0 gauge isnt overkill if you have 0 gauge power wire or so ive been told. What I meant was other then helping the current flow back do they do anything like ground loops but it doesnt seem they do


----------



## ga16freak (Dec 31, 2004)

scrappy said:


> 0 gauge isnt overkill if you have 0 gauge power wire or so ive been told. What I meant was other then helping the current flow back do they do anything like ground loops but it doesnt seem they do


I wasnt sure I just thought it was. Guess I need to know what Im talking about before i start to talk.haha


----------



## sfhellwig (Feb 4, 2003)

It doesn't help with ground loops, you can still create one if you hook particular components up wrong.

Your ground wire should always be at least as big as your main lead. If your ground is smaller than you main lead then that bigger cable is wasted.
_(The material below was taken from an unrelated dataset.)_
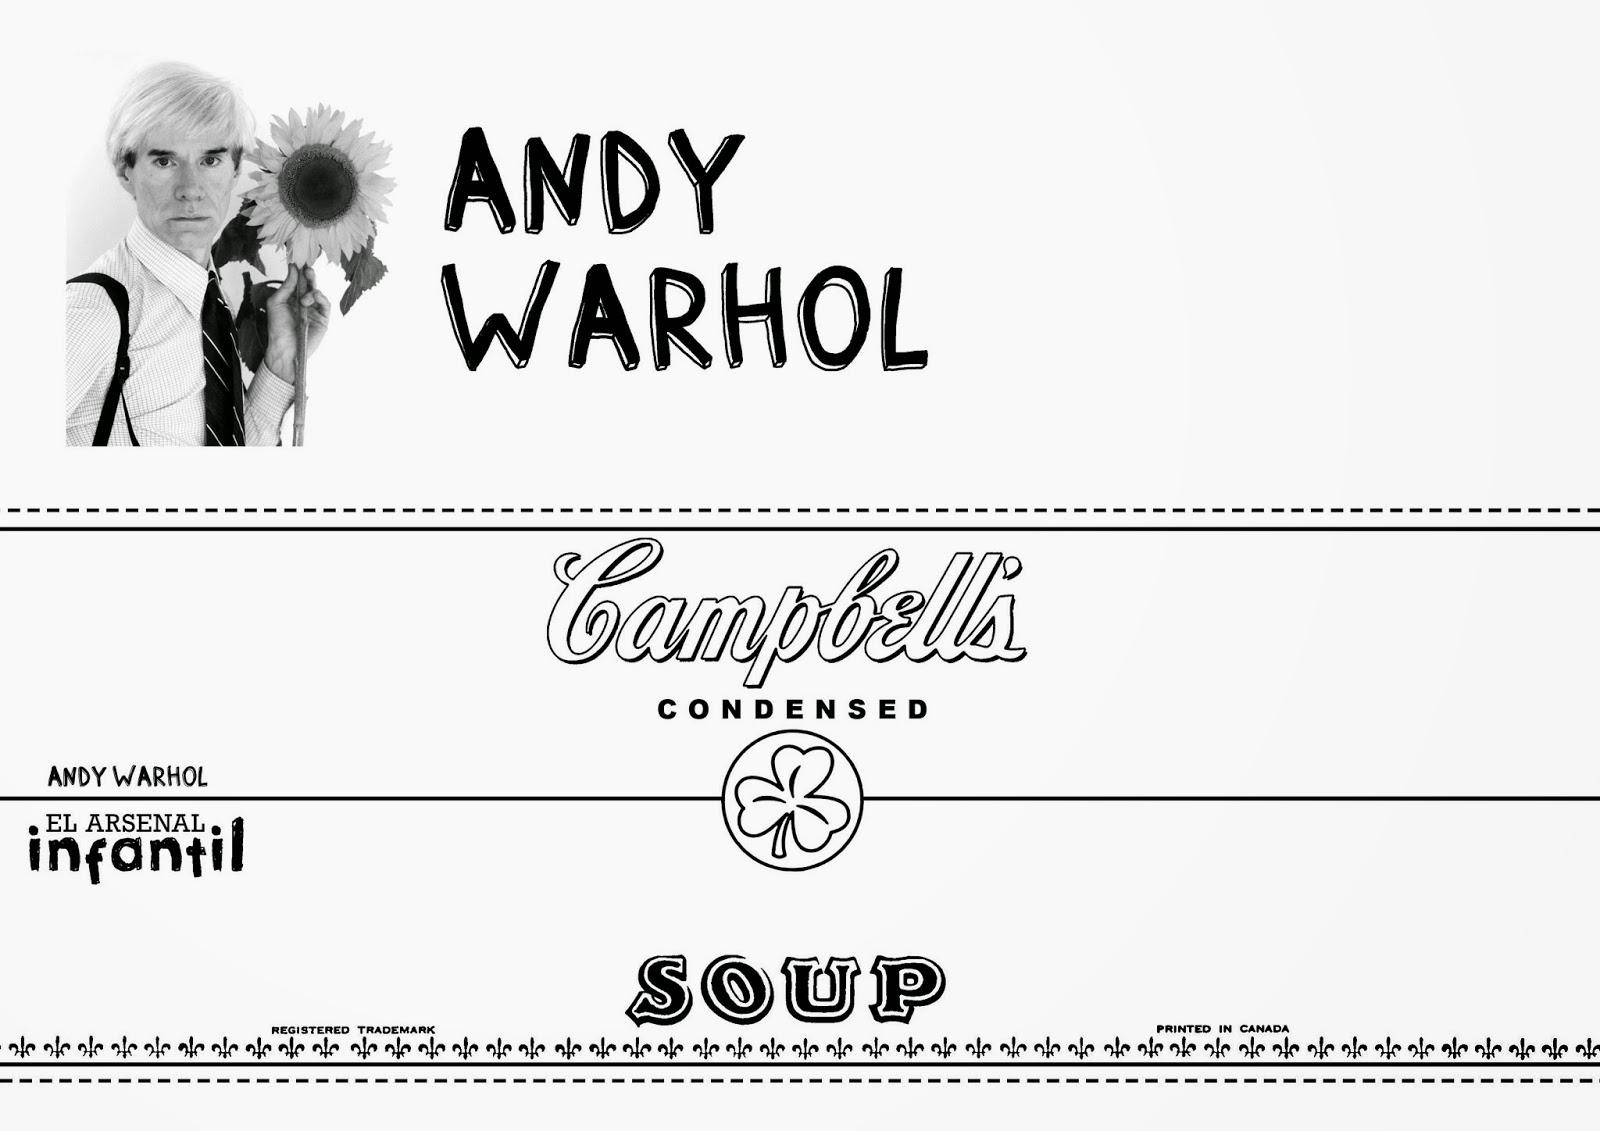 el arsenal infantil: ANDY WARHOL 2 | 29 NOV 2014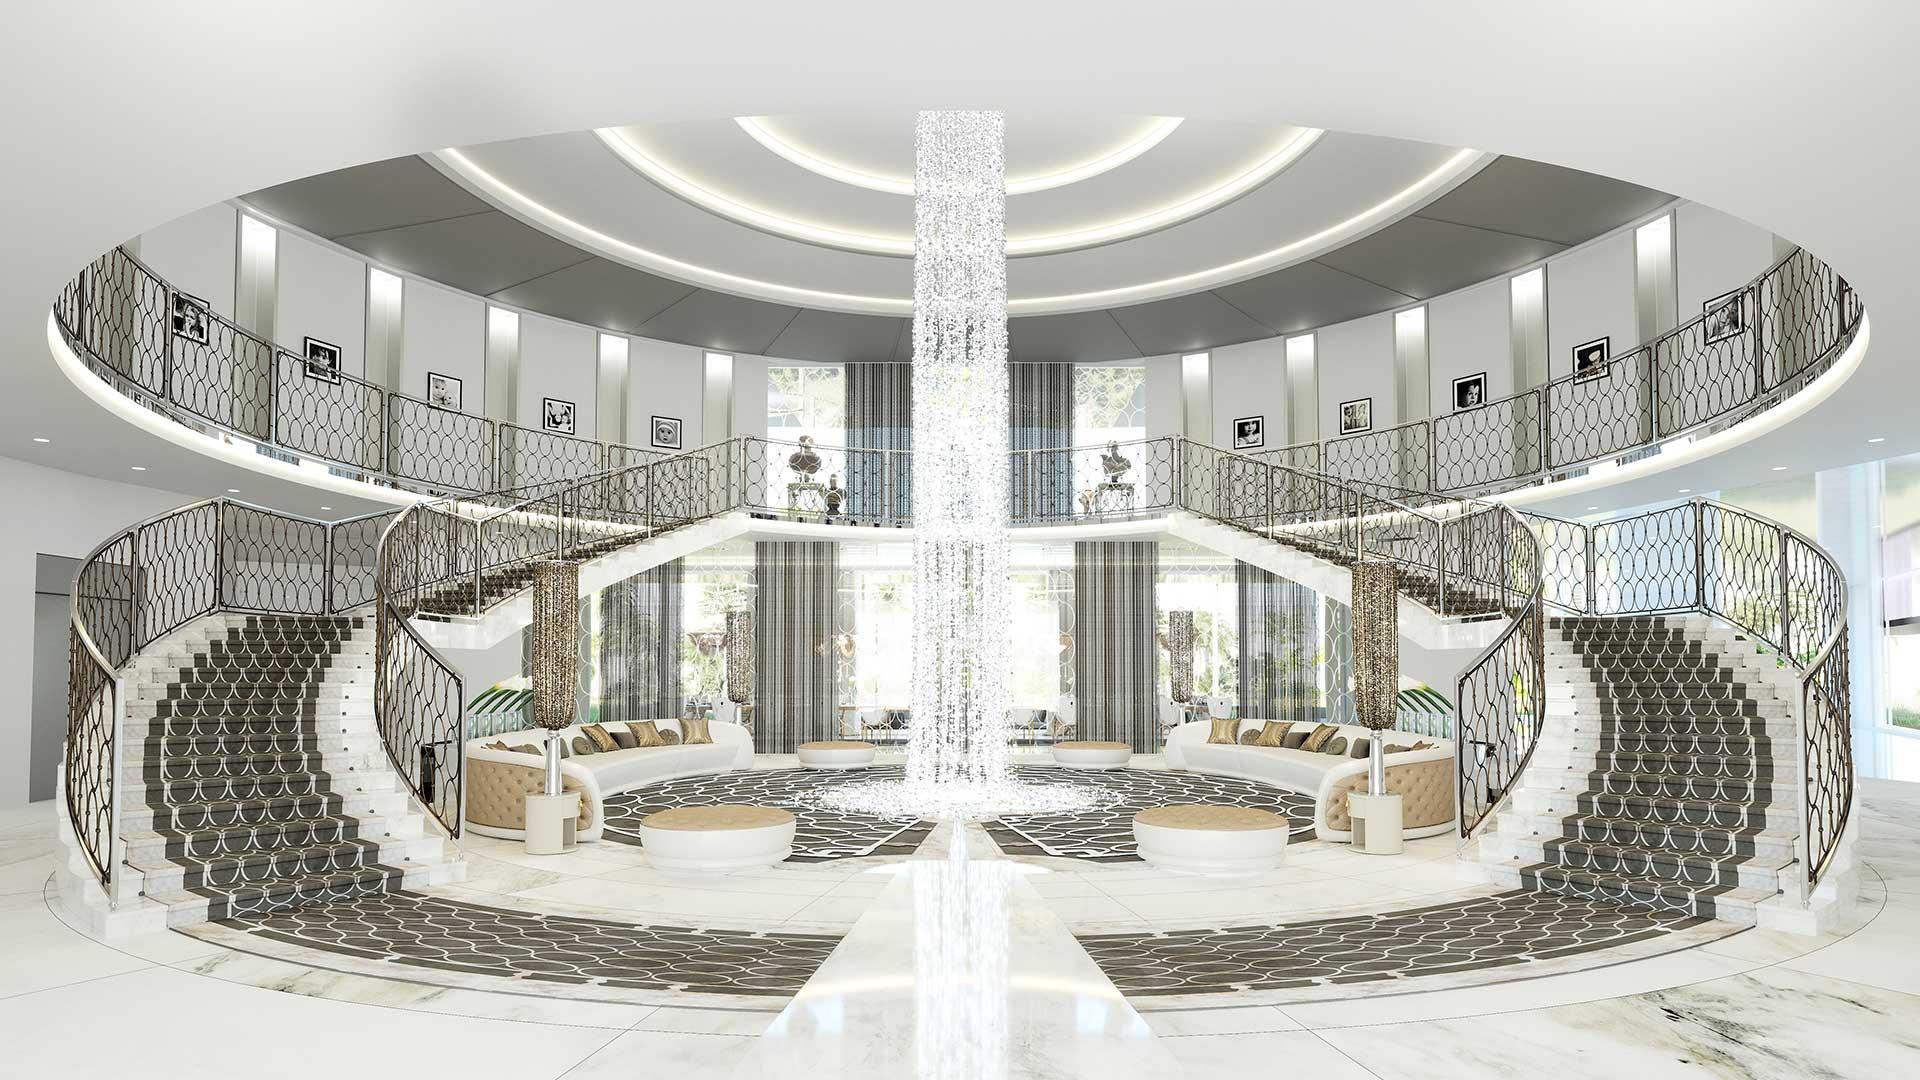 Hall d'entrée d'une villa ultra luxe en image de synthèse, plan immobilier.

Better grounding means less resistance which lets your electrical components work at their peek. In extreme cases bad grounding can cause uneccessary wear and tear on your components but mostly it's about getting every ounce of performance from your system.


----------



## UnKnOwN @uDiO (May 15, 2005)

for all of you that need more info or a better understanding of the big 3 upgrade then check this link out, its very informative and will answer just about every question you have


----------



## scrappy (Jun 30, 2002)

I found that right after this post but thanks


----------